The private respondent is sued under Art. 2176 in relation to Art. 2180, paragraph 5, of the Civil
Code. In the latter, when an injury is caused by the negligence of a servant or employee there
instantly arises a presumption of law that there was negligence on the part of the master or
employer either in the selection of the servant or employee, or in supervision over him after
selection, or both. Such presumption is juris tantum and not juris et de jure and consequently,
may be rebutted. If follows necessarily that if the employer shows to the satisfaction of the court
that in the selection and in the supervision he has exercised the care and diligence of a good
father of a family, the presumption is overcome and he is relieved from liability. In disclaiming
liability for the incident, the private respondent stresses that the negligence of his employee has
already been adequately overcome by his driver's statement that he knew his responsibilities as a
driver and that the truck owner used to instruct him to be careful in driving.
We do not agree with the private respondent in his submission. In the first place, it is clear that
the driver did not know his responsibilities because he apparently did not check his vehicle
before he took it on the road. If he did he could have discovered earlier that the brake fluid pipe
on the right was cut, and could have repaired it and thus the accident could have been avoided.

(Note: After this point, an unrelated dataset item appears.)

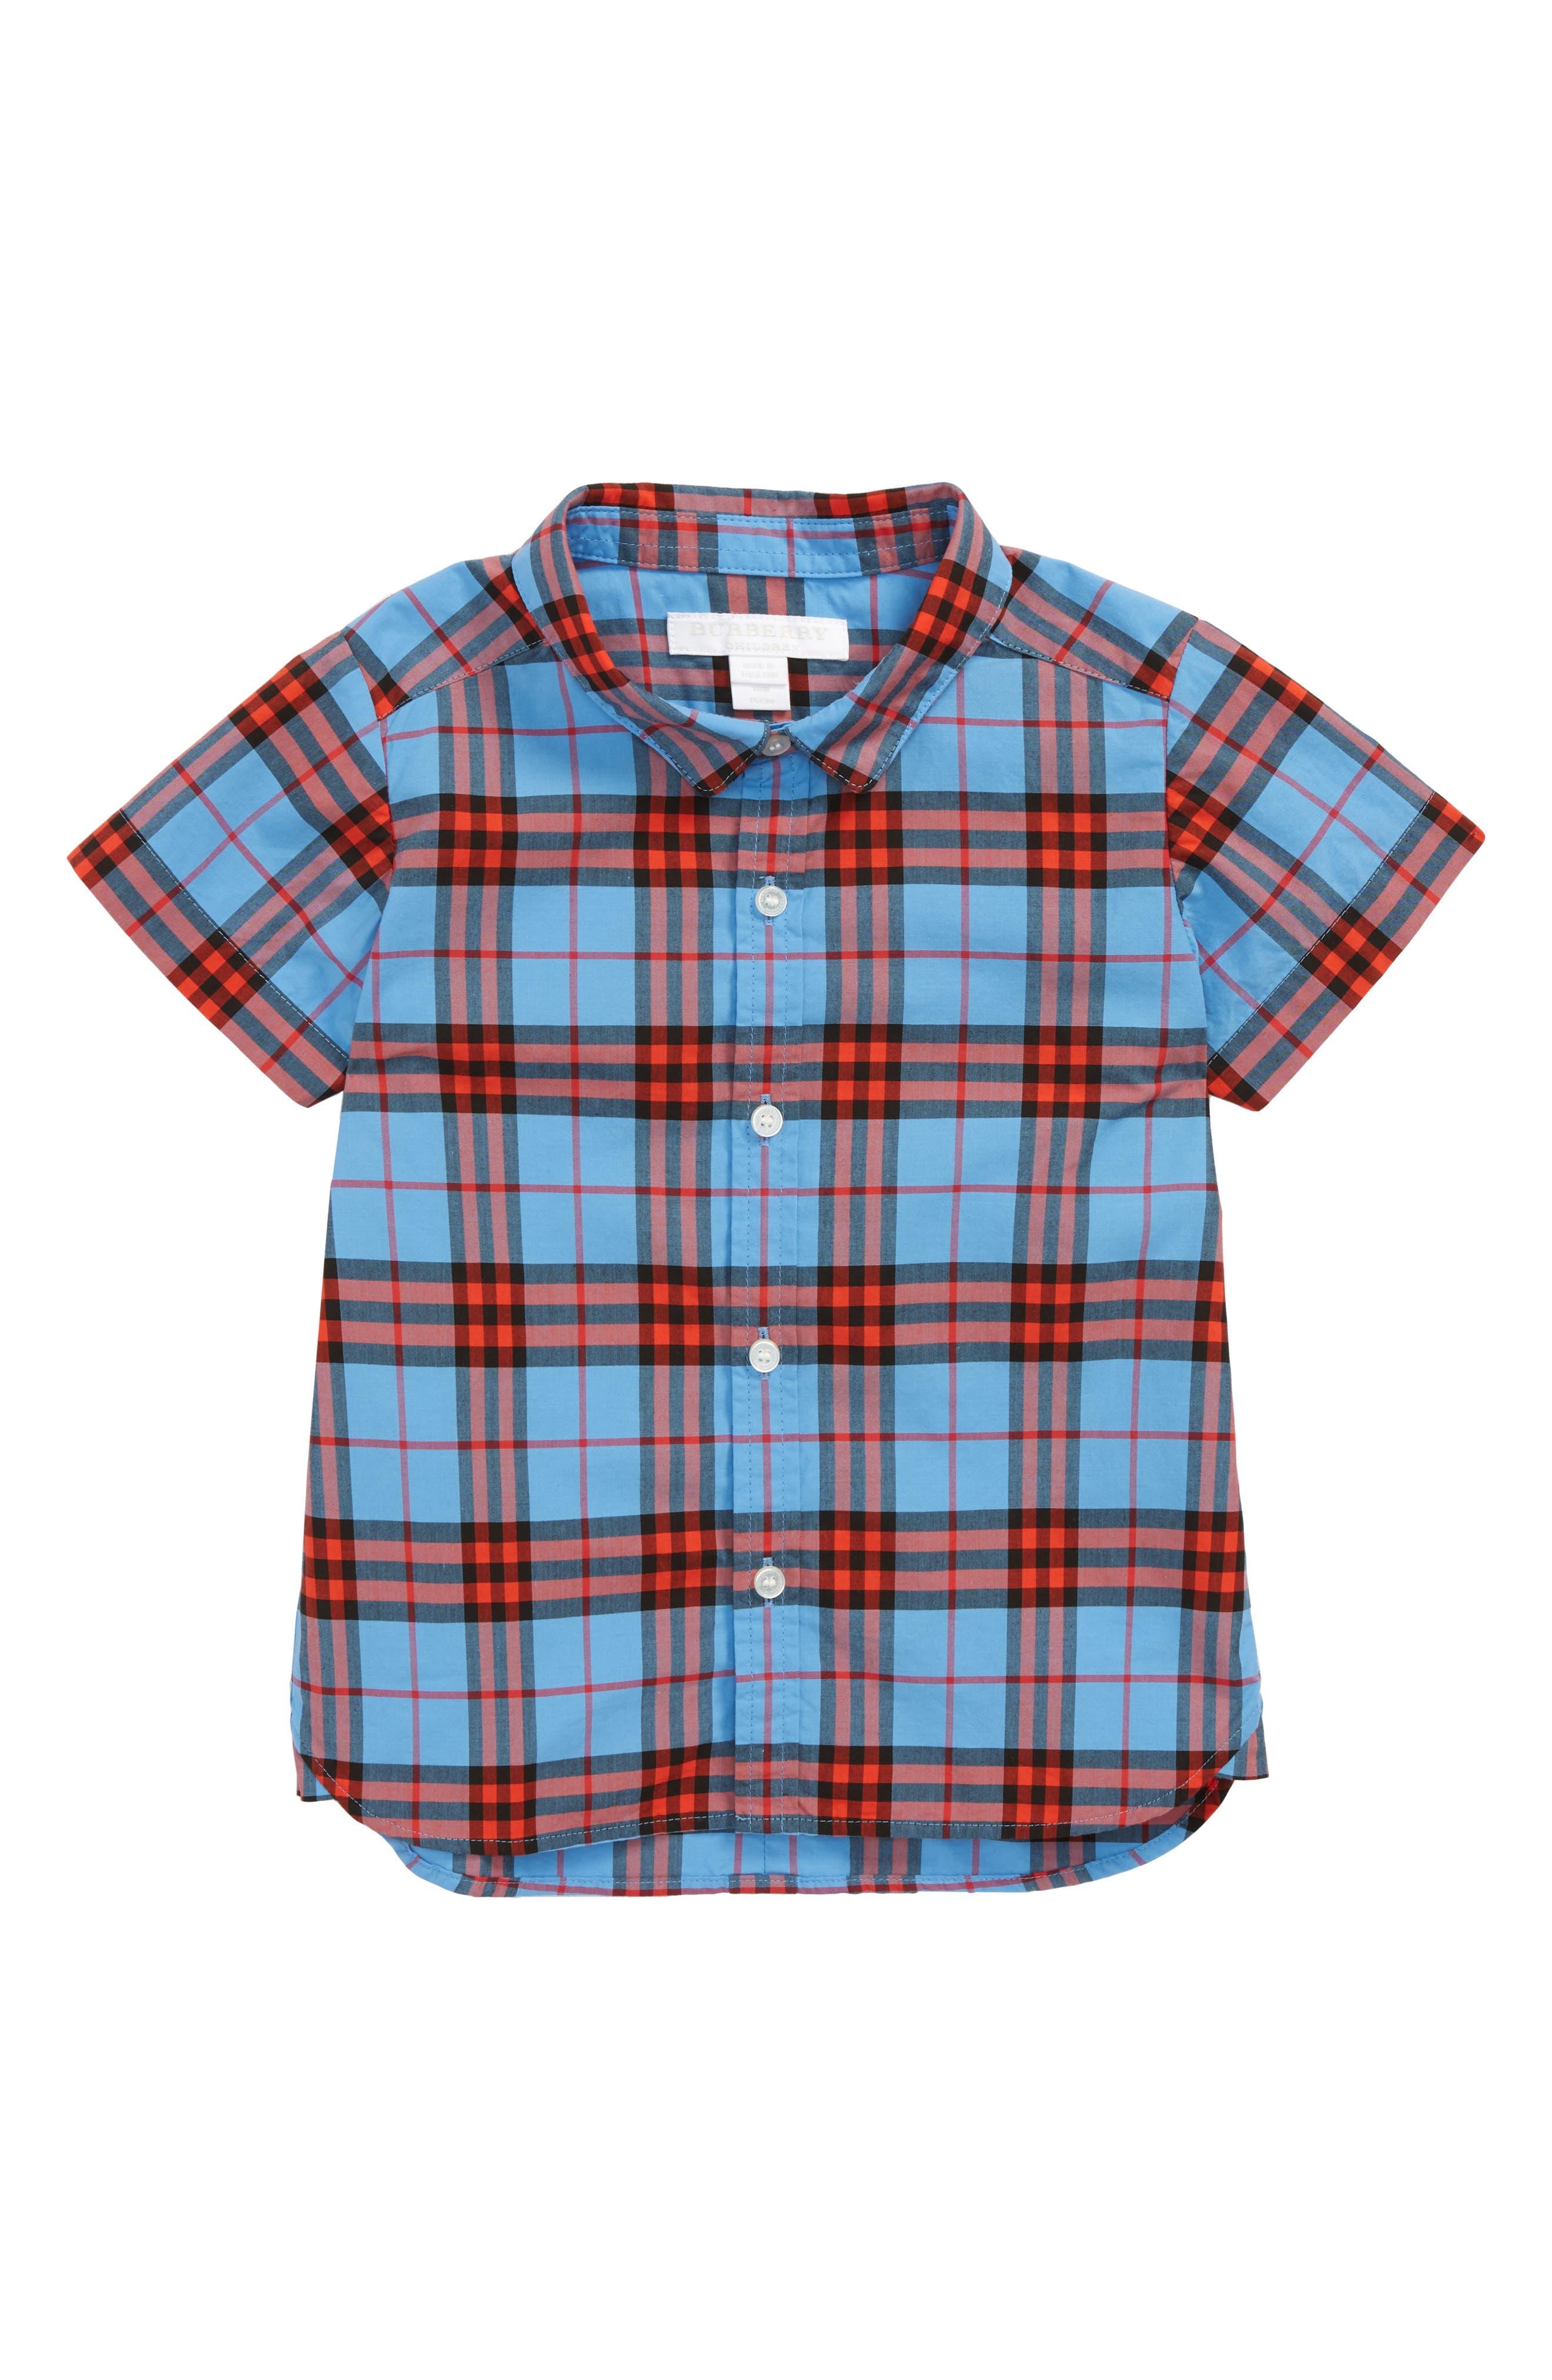 Burberry Clarkey Plaid Woven Shirt (Baby Boys)

Moveover, to our mind, the fact that the private respondent used to intruct his driver to be careful
in his driving, that the driver was licensed, and the fact that he had no record of any accident, as
found by the respondent court, are not sufficient to destroy the finding of negligence of the
Regional Trial Court given the facts established at the trial. The private respondent or his
mechanic, who must be competent, should have conducted a thorough inspection of his vehicle
before allowing his driver to drive it.
In the light of the circumstances obtaining in the case, we hold that Isidro failed to prove that the
diligence of a good father of a family in the supervision of his employees which would exculpate
him from solidary liability with his driver to the petitioner. But even if we concede that the
diligence of a good father of a family was observed by Isidro in the supervision of his driver,
there is not an iota of evidence on record of the observance by Isidro of the same quantum of
diligence in the supervision of his mechanic, if any, who would be directly in charge in
maintaining the road worthiness of his (Isidro's) truck. But that is not all. There is paucity of
proof that Isidro exercised the diligence of a good father of a family in the selection of his driver,
Daniel Serrano, as well as in the selection of his mechanic, if any, in order to insure the safe
operation of his truck and thus prevent damage to others. Accordingly, the responsibility of Isidro
as employer treated in Article 2180, paragraph 5, of the Civil Code has not ceased.